--- Assignment ---
Your output must be the lines below from the line containing "Hi Res Moisture" to the line containing "Bells Up Winery wine vats", both lines included, reproduced exactly and without pictures.

--- Extracted records ---
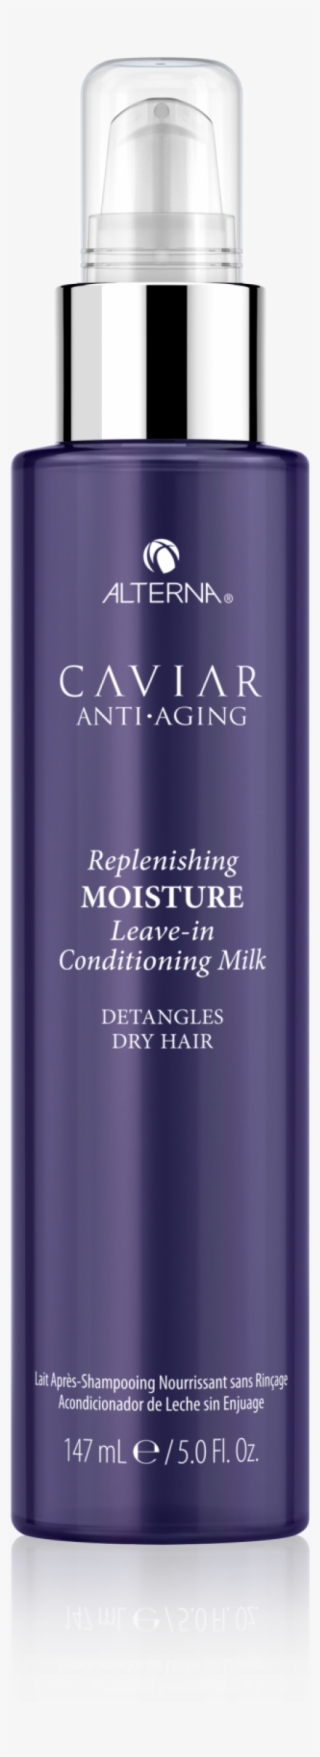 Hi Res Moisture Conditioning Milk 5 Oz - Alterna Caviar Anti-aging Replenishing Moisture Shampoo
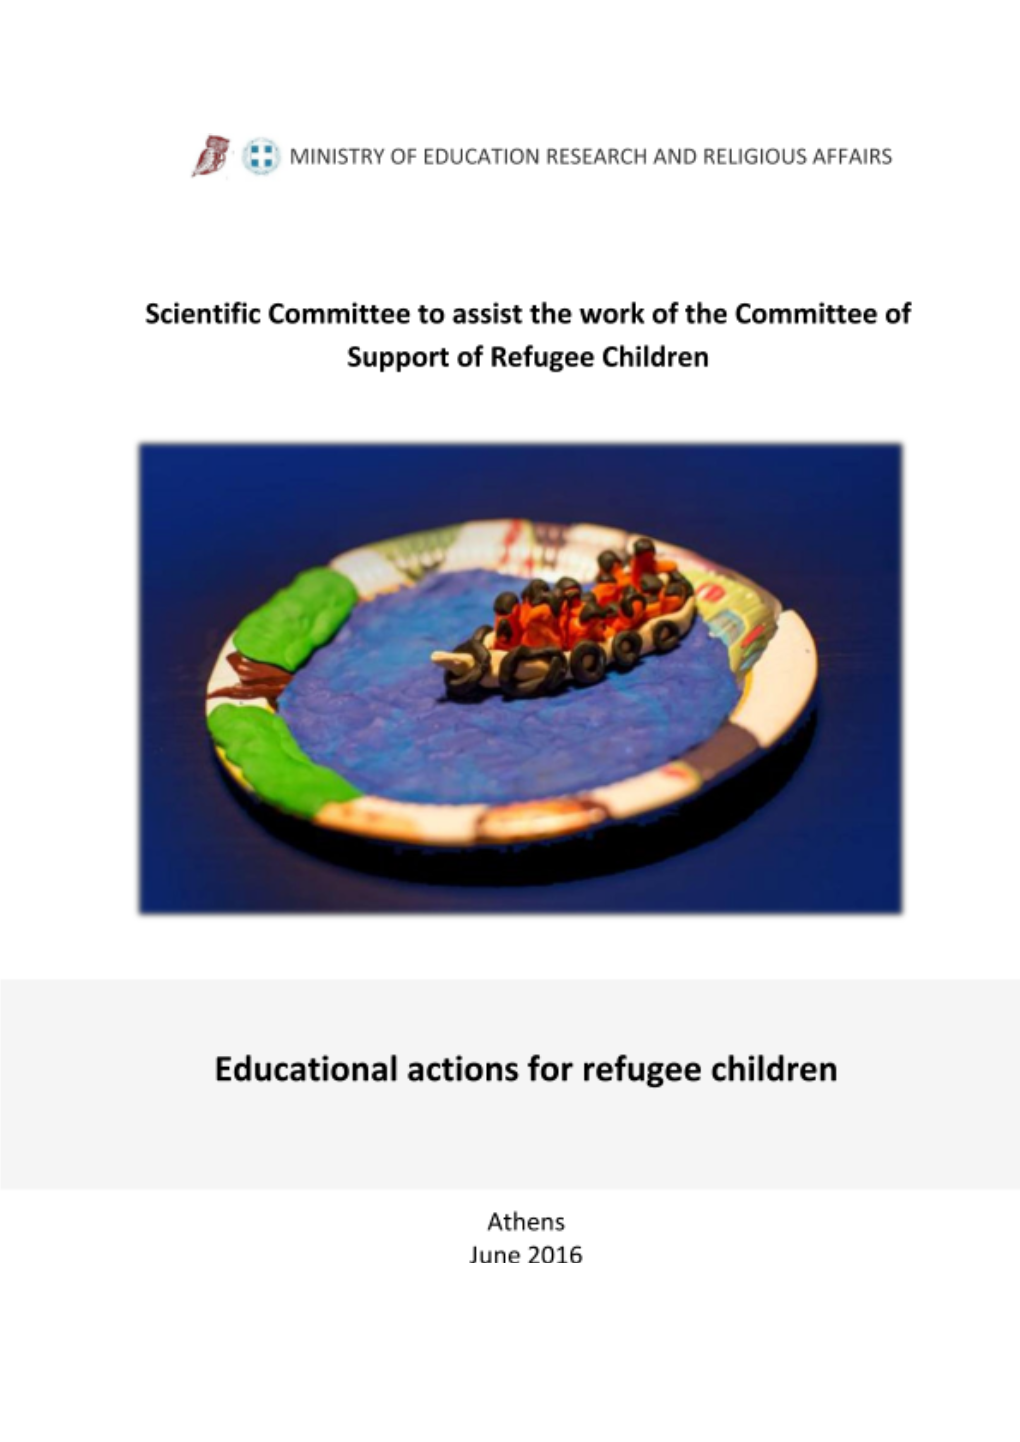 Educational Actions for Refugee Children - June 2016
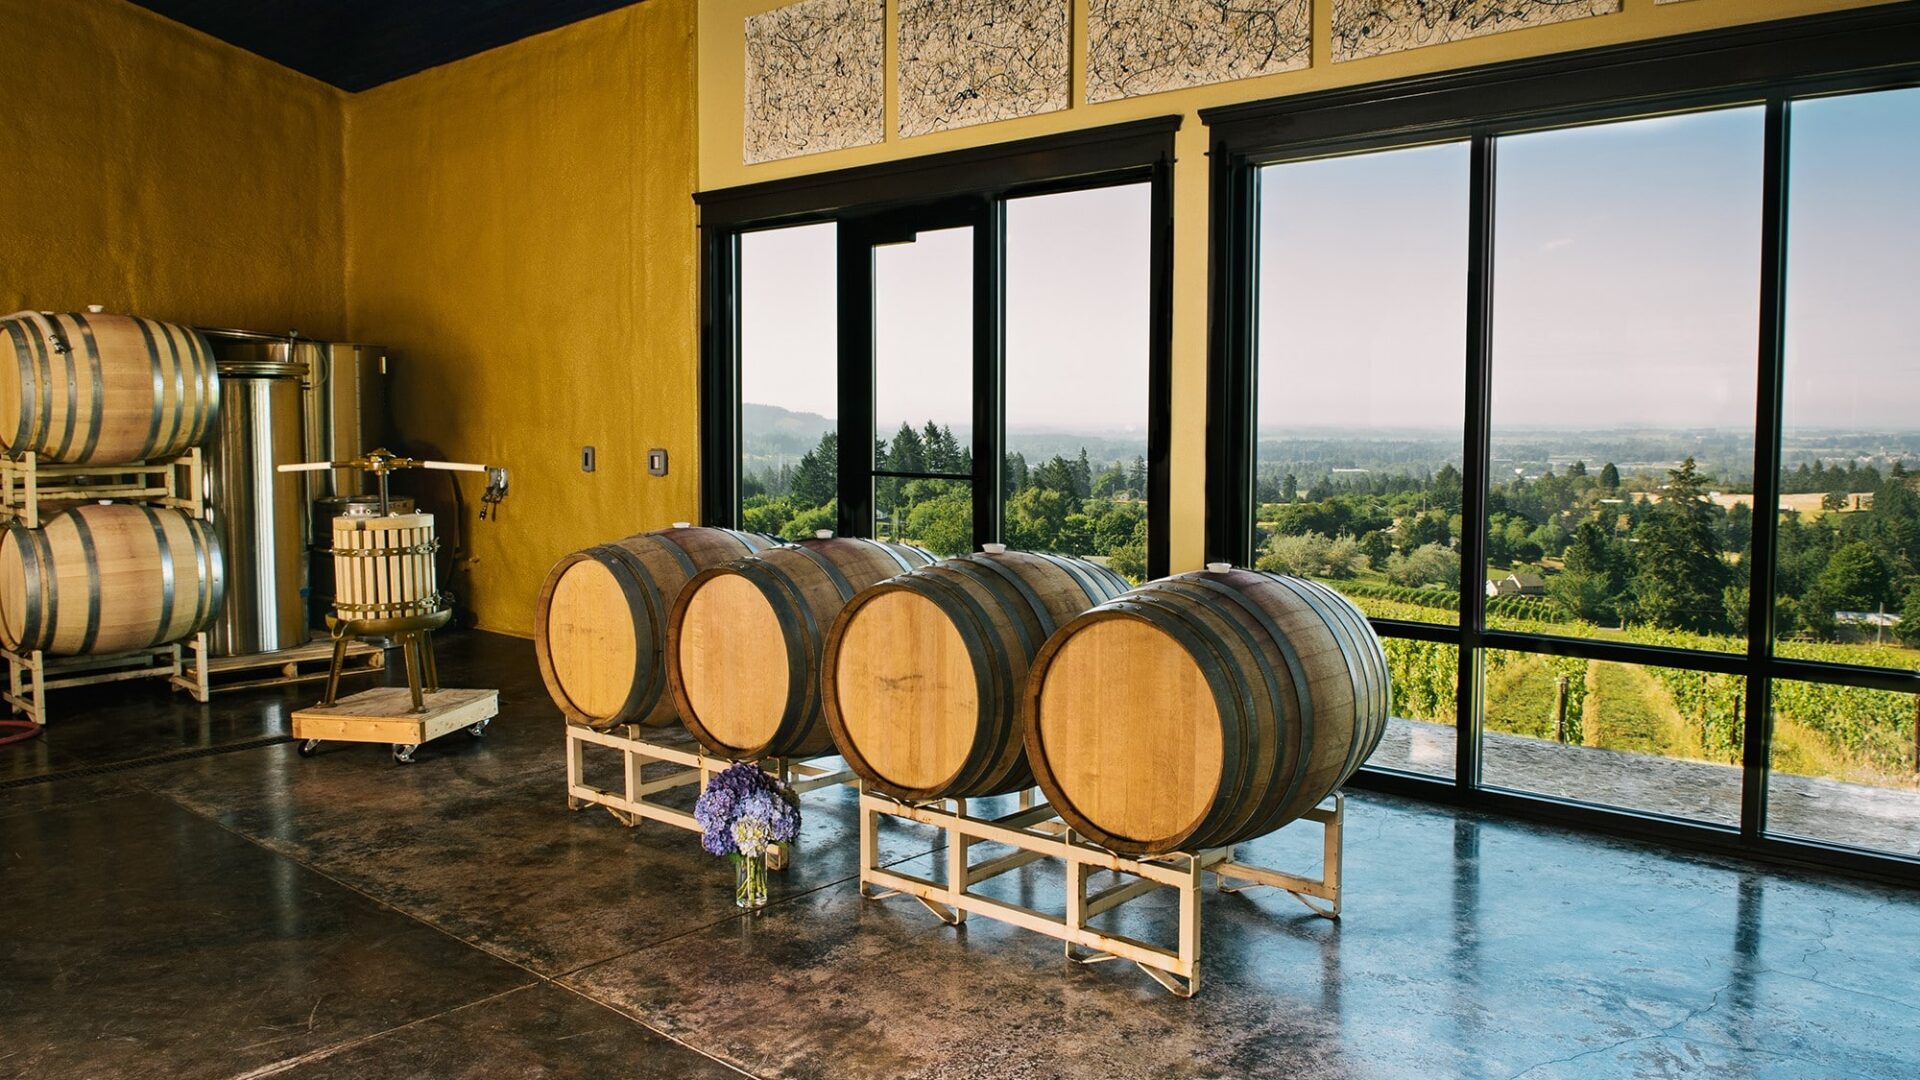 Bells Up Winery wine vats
---
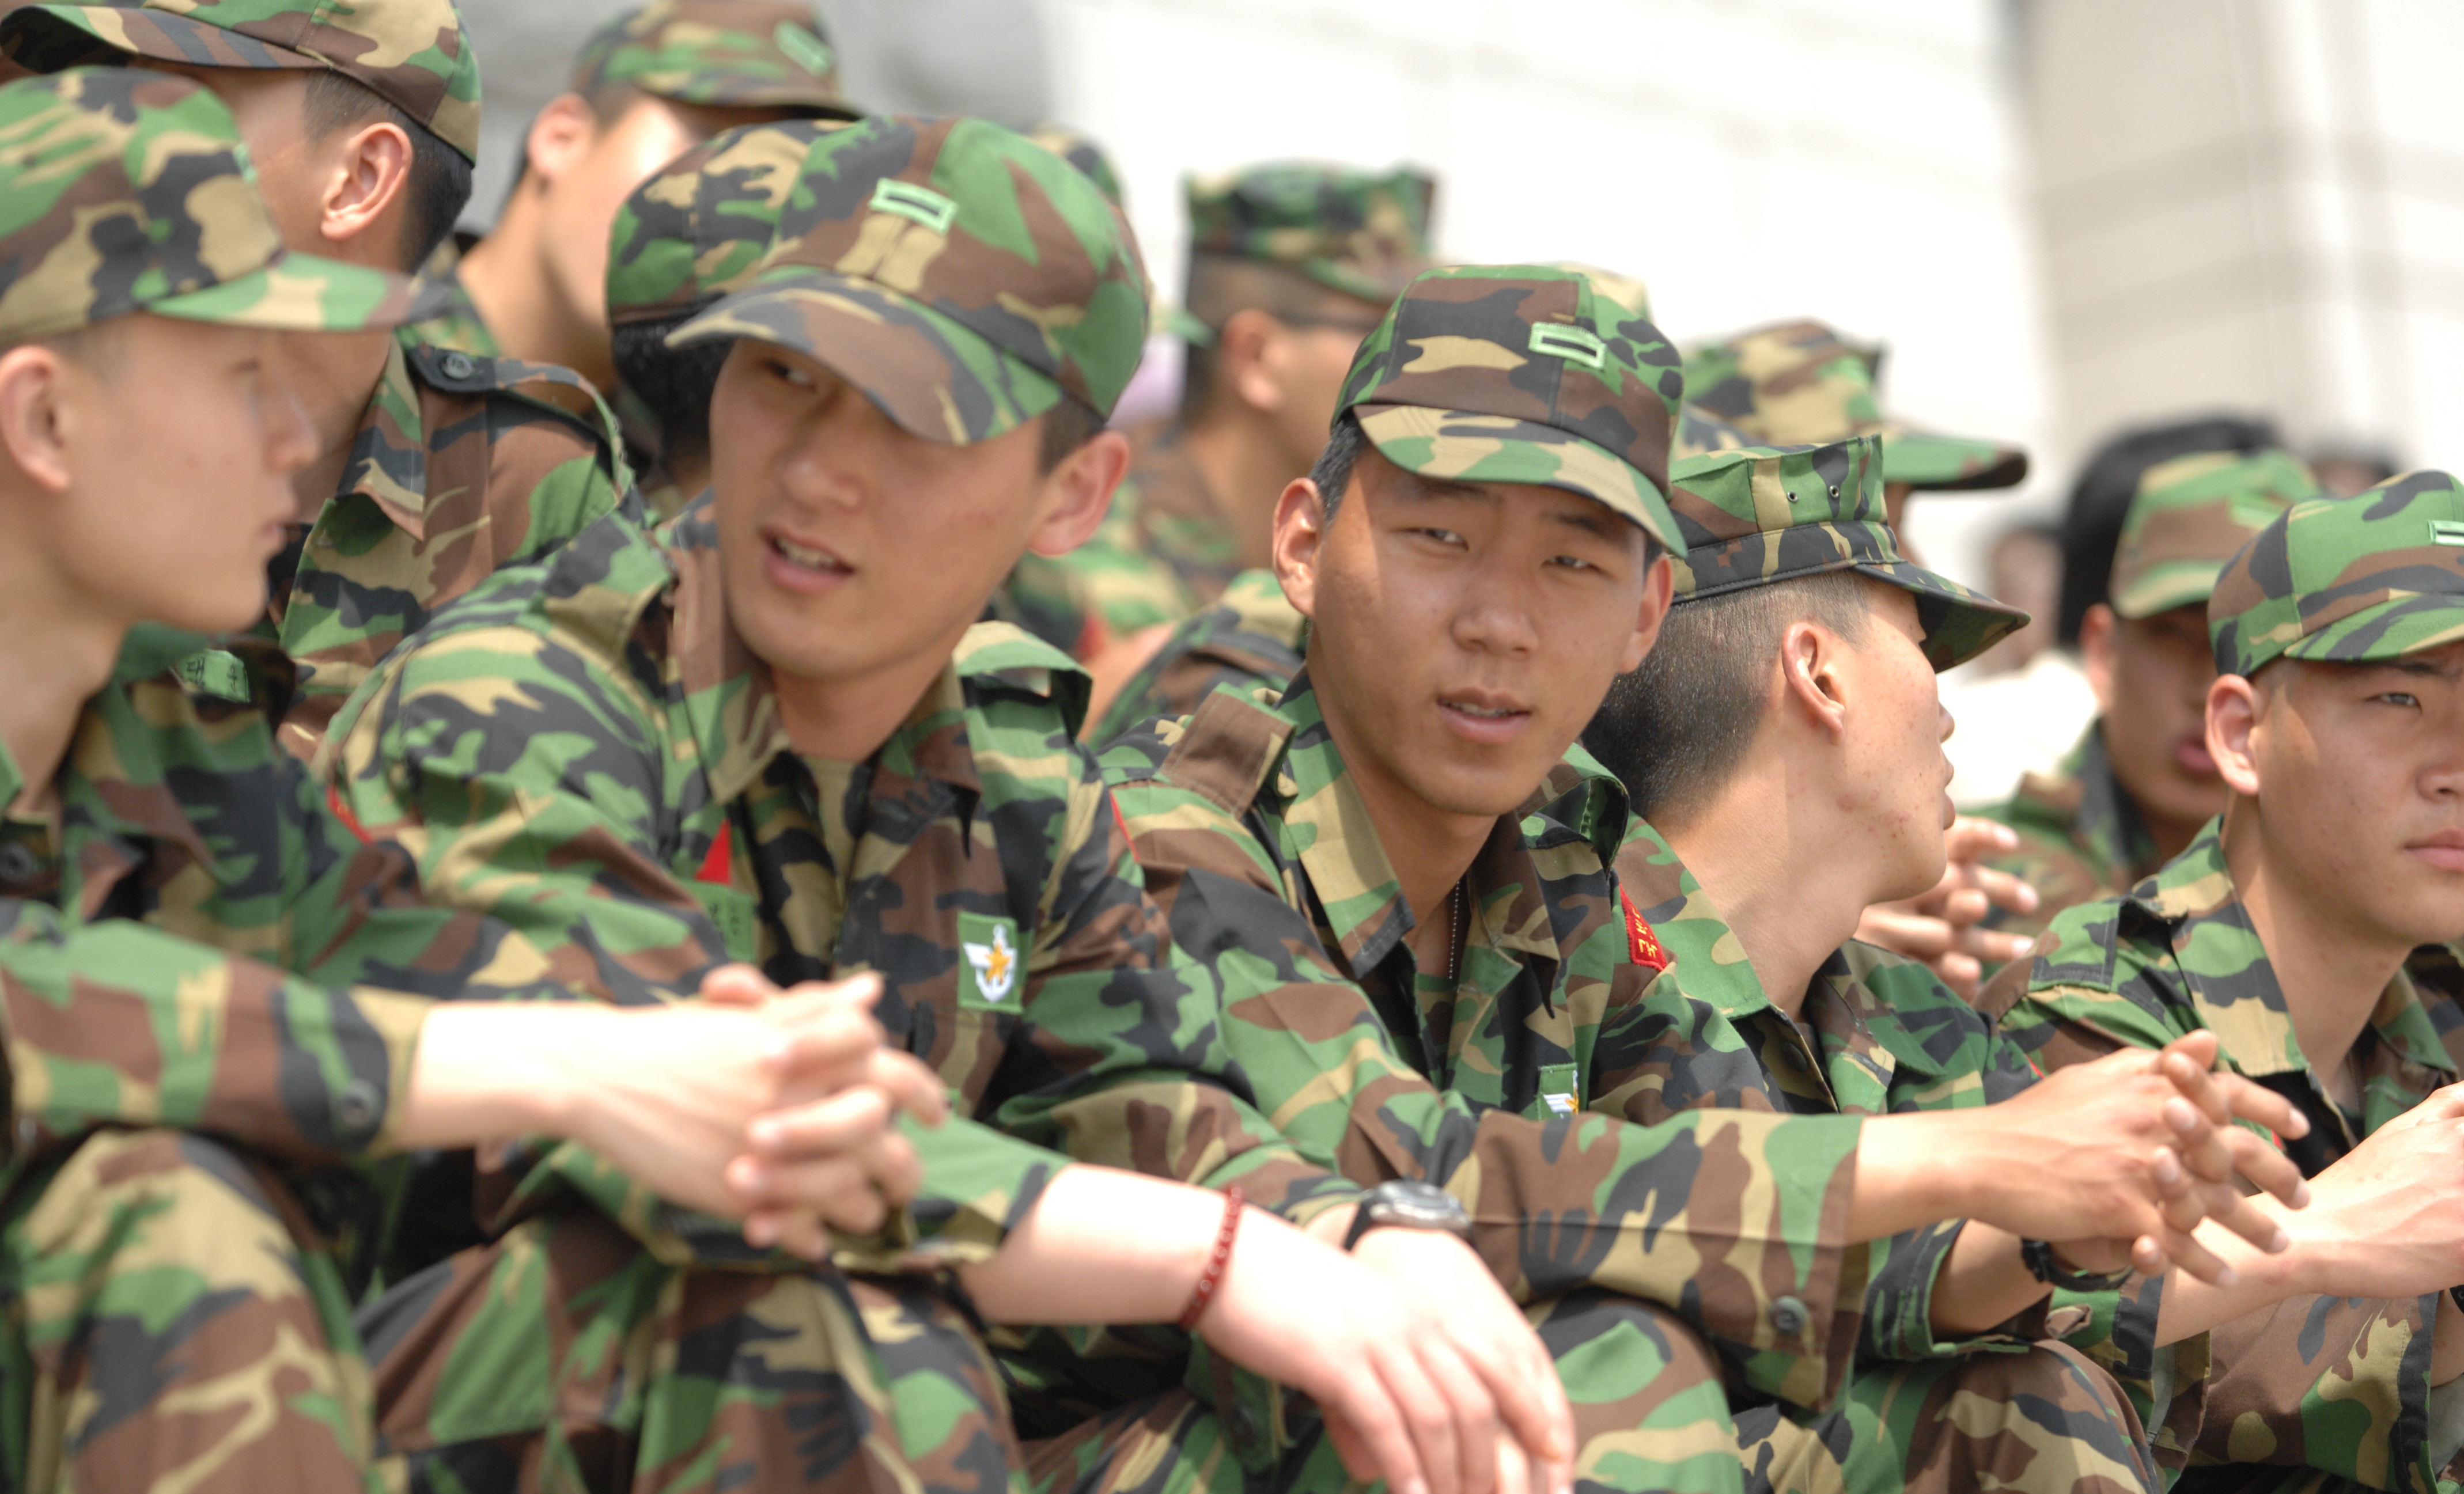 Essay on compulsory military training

--- Response ---
 Hi Res Moisture Conditioning Milk 5 Oz - Alterna Caviar Anti-aging Replenishing Moisture Shampoo
 Educational Actions for Refugee Children - June 2016
 Bells Up Winery wine vats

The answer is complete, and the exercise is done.